- Directed by: Saul Rubinek
- Written by: Wendel Meldrum
- Produced by: Elinor Reid
- Starring: Wendel Meldrum Mark Humphrey Luke Humphrey
- Cinematography: Steve Ackerman
- Edited by: Chris Kern
- Distributed by: Somerville House Critical Mass
- Release date: June 7, 2005;
- Running time: 92 minutes
- Country: United States
- Language: English

= Cruel but Necessary =

Cruel but Necessary is a 2005 independent film directed by Canadian actor/film director Saul Rubinek. Actress Wendel Meldrum took a turn as a screenwriter for this project. Meldrum stars in the film as Betty Munson, a woman struggling to put her life back together after her marriage falls apart. Betty decides to secretly videotape family, friends, and others to help understand the truth of her life.
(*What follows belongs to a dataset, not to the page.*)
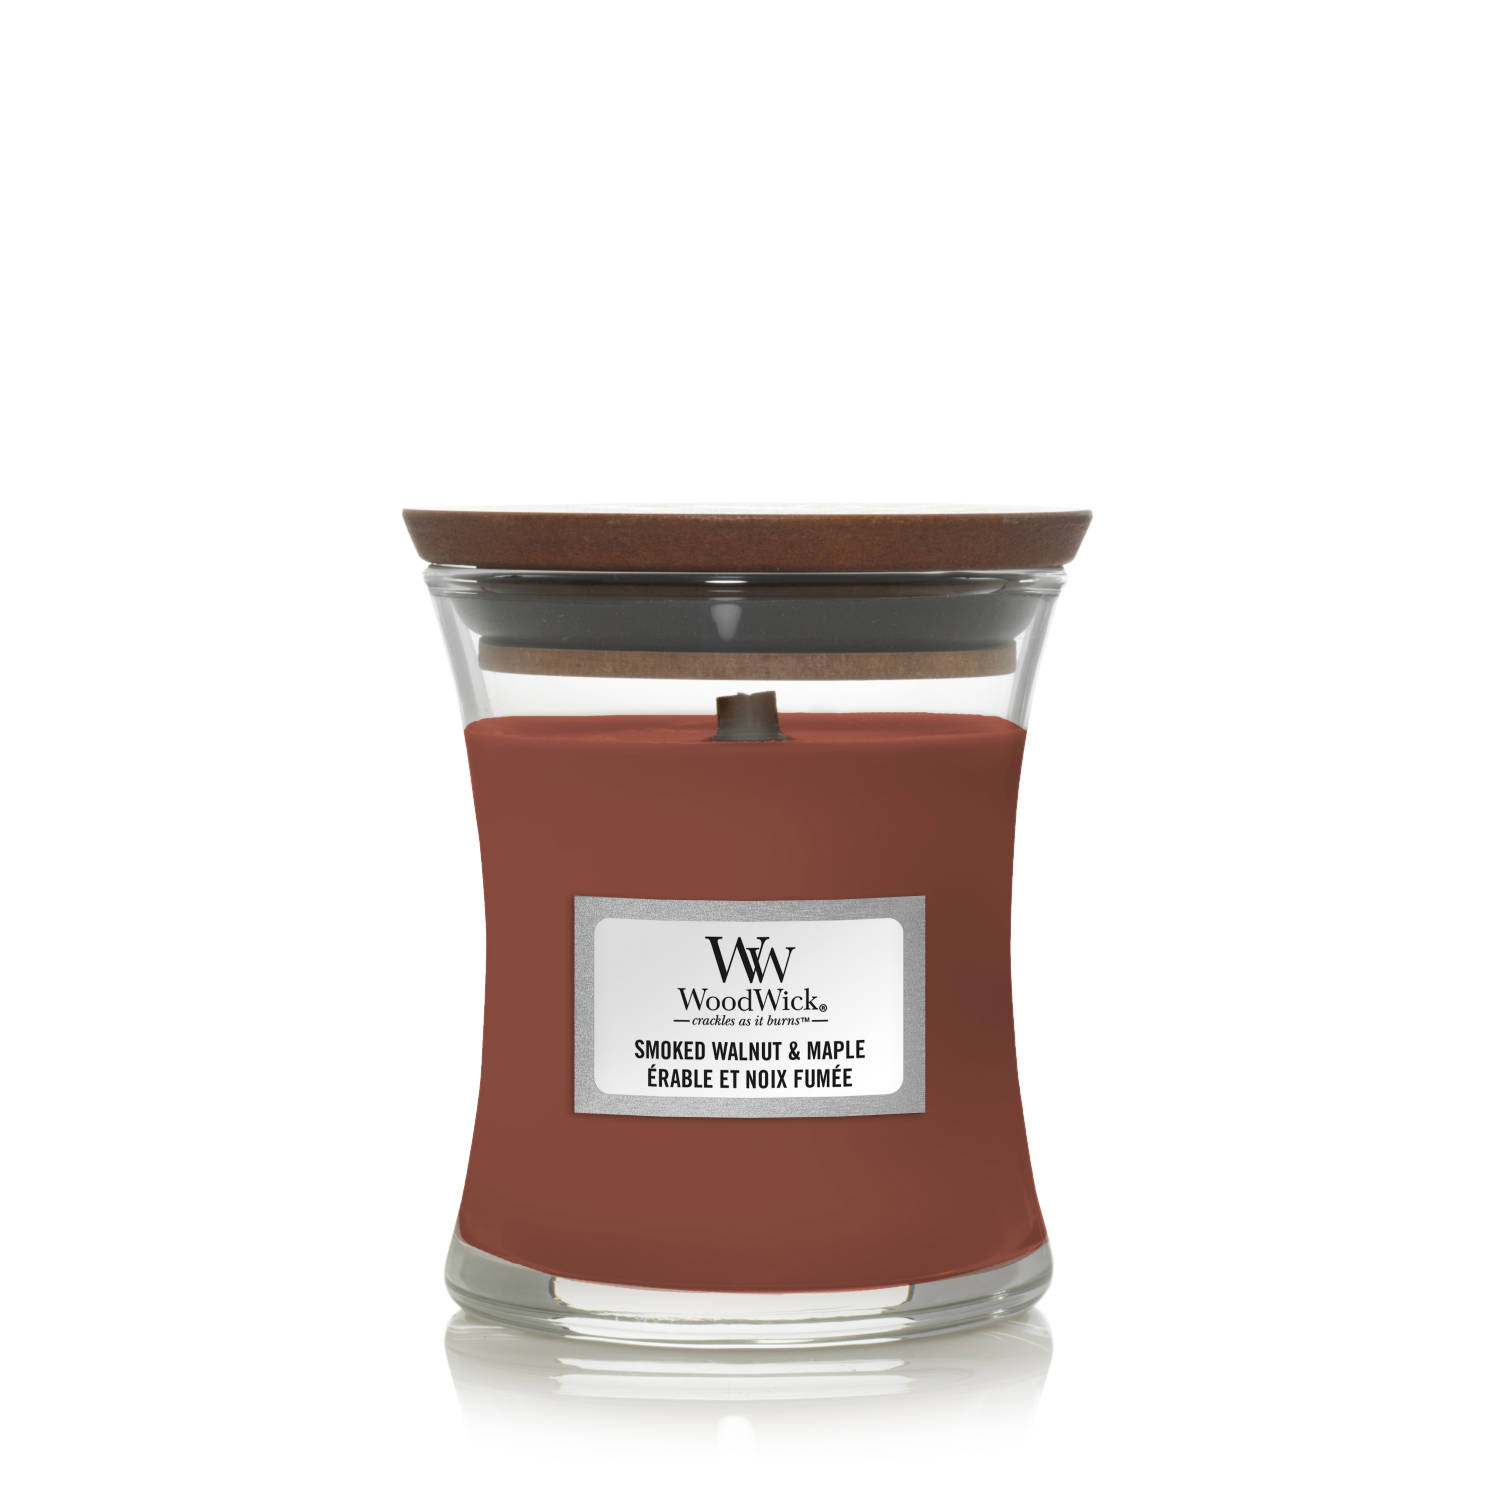 Woodwick WW Smoked Walnut & Maple Mini Candle

Meldrum's own ex-husband Mark Humphrey and son Luke Humphrey play her onscreen ex-husband and son.

Portions of Cruel but Necessary were posted on YouTube beginning in 2007. The film was released on DVD November 11, 2008.

==Cast==
- Wendel Meldrum as Betty Munson
- Mark Humphrey as Doug Munson
- Luke Humphrey as Darwin Munson
- Fred Goss as Chad
- James O'Connell as Teddy
- Julie Payne as Pearl
- Lisa Zane as Gynecologist

== Awards ==
Outstanding Actress in a Female Role, Wendel Meldrum - 2007 Winnipeg International Film Festival.